Sequence file discovery utilities.

Provides list_sequence_files() to enumerate sequence files (.fasta, .gbff, …) in a directory. Both compressed (.gz) and uncompressed variants are discovered. Three path modes are available:

relative — path relative to the given directory e.g. Homo_sapiens-GCF_000001405.40.gbff.gz absolute — full absolute path e.g. /genbank/Plants/Homo_sapiens-GCF_000001405.40.gbff.gz prefixed — directory name prepended to the relative path e.g. Plants/Homo_sapiens-GCF_000001405.40.gbff.gz

species_list() discovers species under the species/ subdirectory of a genome data directory (raw or processed). The layout is expected to be::

{directory}/species/{Species_name}/{individual}/...
Example

from skimindex.sequences import list_sequence_files, species_list

files = list_sequence_files("/genbank/Plants", mode="prefixed") for f in files: print(f) # Plants/Homo_sapiens-GCF_000001405.40.gbff.gz

species = species_list("/raw_data/genomes_15x", mode="absolute") for name, path in species.items(): print(name, path) # Betula_nana /raw_data/genomes_15x/species/Betula_nana

list_sequence_files

list_sequence_files(
    directory: PathLike,
    mode: PathMode = "relative",
    extensions: tuple = SEQUENCE_EXTENSIONS,
    recursive: bool = False,
    compressed: bool = True,
    uncompressed: bool = True,
) -> list[Path]

Return a sorted list of sequence files found in directory.

For each extension (e.g. ".fasta"), both the compressed (".fasta.gz") and uncompressed (".fasta") variants are searched, controlled by the compressed and uncompressed flags.

Parameters:

Name Type Description Default
directory PathLike

Directory to search.

required
mode PathMode

How to express the returned paths: "relative" — relative to directory "absolute" — full absolute path "prefixed" — directory name prepended (e.g.

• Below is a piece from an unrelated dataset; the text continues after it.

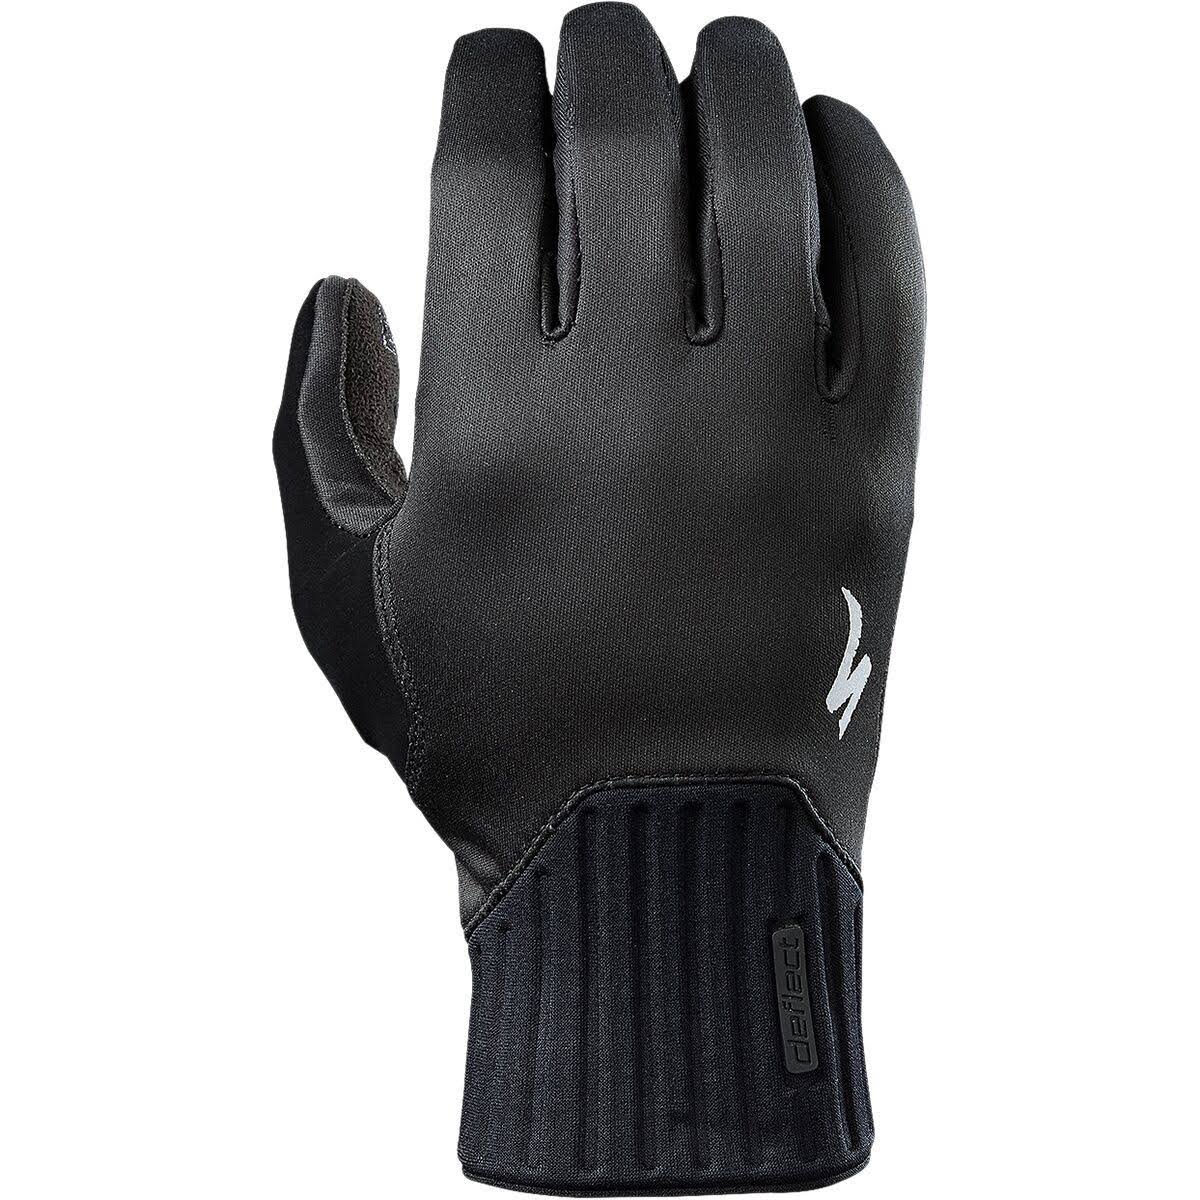 Specialized Deflect Men's Cycling Glove - Black, Medium

Plants/file.gbff.gz)

'relative'
extensions tuple

Tuple of base suffixes without .gz (default: SEQUENCE_EXTENSIONS).

SEQUENCE_EXTENSIONS
recursive bool

If True, search subdirectories recursively.

False
compressed bool

Include compressed variants (e.g. .fasta.gz).

True
uncompressed bool

Include uncompressed variants (e.g. .fasta).

True

Returns:

Type Description
list[Path]

Sorted list of Path objects.

Raises:

Type Description
FileNotFoundError

if directory does not exist.

ValueError

if mode is not one of the three allowed values.

species_list

species_list(
    directory: PathLike, mode: PathMode = "relative"
) -> dict[str, Path]

Return a mapping of species name → species directory for a genome dataset.

Expects the layout::

{directory}/species/{Species_name}/{individual}/...

Parameters:

Name Type Description Default
directory PathLike

Root of the genome dataset (e.g. raw_data/genomes_15x).

required
mode PathMode

How to express the returned paths: "relative" — relative to directory "absolute" — full absolute path "prefixed" — directory name prepended (e.g. genomes_15x/species/Betula_nana)

'relative'

Returns:

Type Description
dict[str, Path]

Sorted dict {species_name: path} where species_name is the

dict[str, Path]

directory name (e.g. "Betula_nana") and path follows mode.

Raises:

Type Description
FileNotFoundError

if directory does not exist.

ValueError

if mode is not one of the three allowed values.

genome_species_list

genome_species_list(
    mode: PathMode = "relative", data_type: DataType = "raw"
) -> dict[str, Path]

Return the species list for the genome dataset, using paths from config.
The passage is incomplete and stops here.